Noch vor Beginn der Veranstaltung bekamen alle „Wegbegleiter“ eine Einweisung von Herr Kempf von der Polizei. Anschließend durchliefen die Jugendlichen den Rollator-Parcours auch selbst einmal mit einem Rollator. Dies fiel ihnen verständlicherweise nicht sonderlich schwer, dennoch war es gut zu wissen wie sich das laufen mit einer solchen Gehhilfe anfühlt.  Als der Rollator-Parcours dann für die Senioren geöffnet wurde, hatten die „Wegbegleiter“ alle Hände voll zu tun. Der Parcours fand großen Anklang bei den Besuchern und wurde rege genutzt. Immer in Begleitung eines Helfers vom Seniorenkreis oder einem der fünf Jugendlichen durchliefen die Senioren den Hindernisparcours. Nach zwei Stunden hatten alle Senioren ihren Rollatorführerschein erhalten und der Parcours wurde geschlossen.

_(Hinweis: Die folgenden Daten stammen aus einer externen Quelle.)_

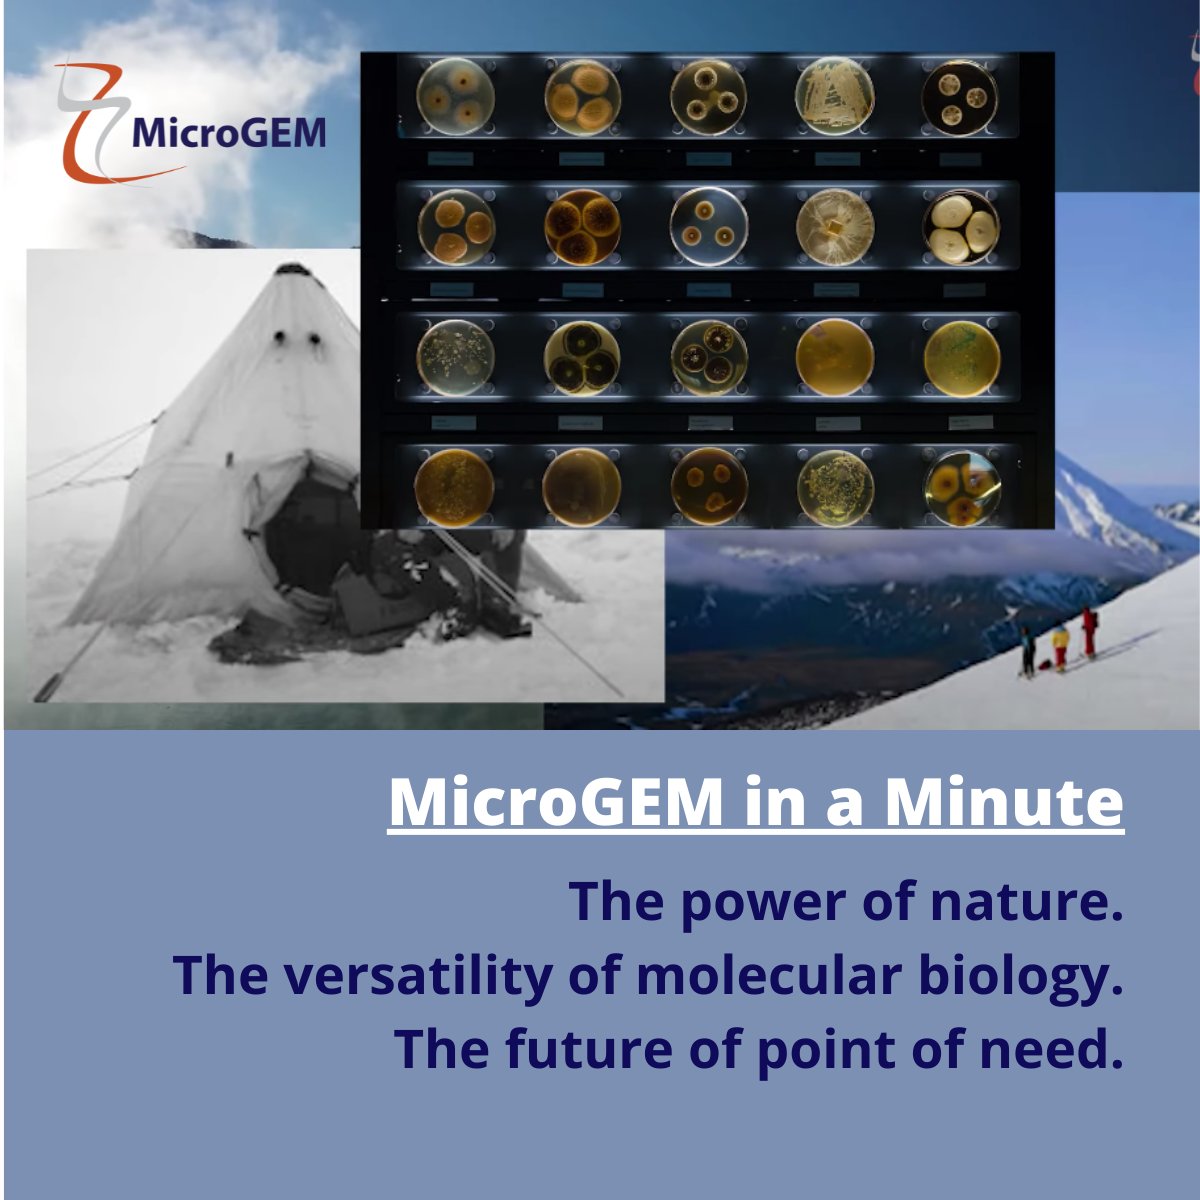 Innovation, technology, and drive. These are MicroGEM's ingredients to transform the power of molecular biology into point of need solutions for a future of wellness. It's all captured in our 1-minute video. Please view, like, and enjoy. youtube.com/watch?v=ZGrvP5… #DNA #RNA #PCR

Für die fünf jungen Leute des Jugendzentrum Freetime war es ein besonderer Nachmittag. Vor allem die Dankbarkeit der älteren Menschen für die Hilfe und Unterstützung hinterließ bei ihnen ein gutes Gefühl. Sie alle fanden den Nachmittag mit den Senioren „ziemlich cool“ und haben es nicht bereut, sich ehrenamtlich engagiert zu haben.